On Tuesday Anatoly Zak, author of RussianSpaceWeb.com, presented several of the options under discussion in an article for Popular Mechanics.

Zak revealed that American aerospace companies like Boeing and Lockheed Martin have been working with Russian colleagues from spacecraft manufacturers RSC Energia and GKNPTs Khrunichev to devise mission strategies.

Several of the strategies under discussion envisage the creation of an international "habitat" in cislunar space, the vicinity of the moon.

This base "could serve as a platform for the exploration of our natural satellite and a springboard for missions to asteroids and even to Mars," Zak wrote.

"The two sides seem to understand why they need each other, and how the pieces fit together. For their part, the Russians have mastered the development and operation of space modules that can house crews and provide propulsion for years at a time. (As it) turns out, that's exactly what the US could use. Such a habitat would expand the livable volume for the Orion crews beyond the cramped one-room compartment of the ship's command module, extending the possibilities for missions."

At an ISS research and development conference in San Diego last week, NASA's William Gerstenmaier confirmed to Zak that near-lunar missions are being considered as a stepping stone for a future manned mission to Mars.

"Don't think of it as a space station around the Moon. Think of it as the beginning of the Mars transit system," Gerstenmaier said. NASA plans to launch its Orion spacecraft in the 2020s, when it will take astronauts to explore an asteroid, and it hopes to put Mars within the reach of humans in the 2030s.

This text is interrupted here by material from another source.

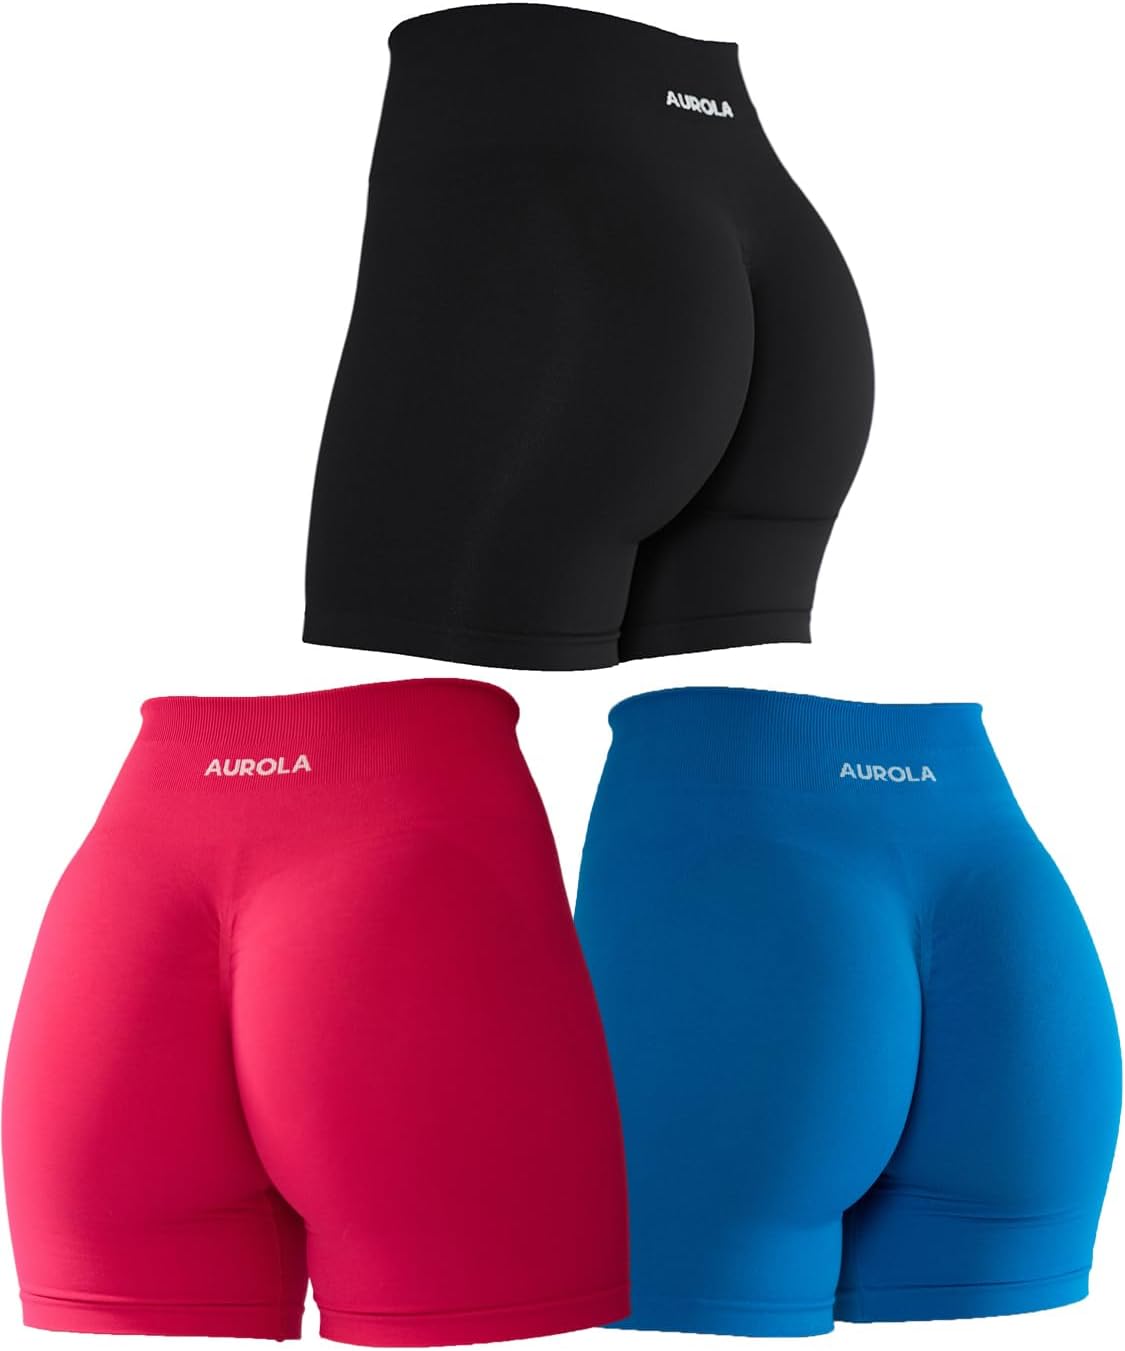 AUROLA Intensify Short Women's Athletic Seamless High Waisted Running  Sporty Gym Fitness Yoga Elastic Workout Shorts 3.6 - ShopStyle

On the ISS, investigations are being carried out to understand how to protect the human body for longer durations in space, which a human mission to Mars would require.

In March 2016 American astronaut Scott Kelly and Russian cosmonaut Mikhail Kornienko landed in Kazakhstan after spending a record 340 days in space, aboard the ISS.

One particular research project during the "One-year mission" examined fluid shifts that occur when bodily fluids move into the upper body during weightlessness, which may cause pressure on the head, similar to that experienced by a person standing on their head.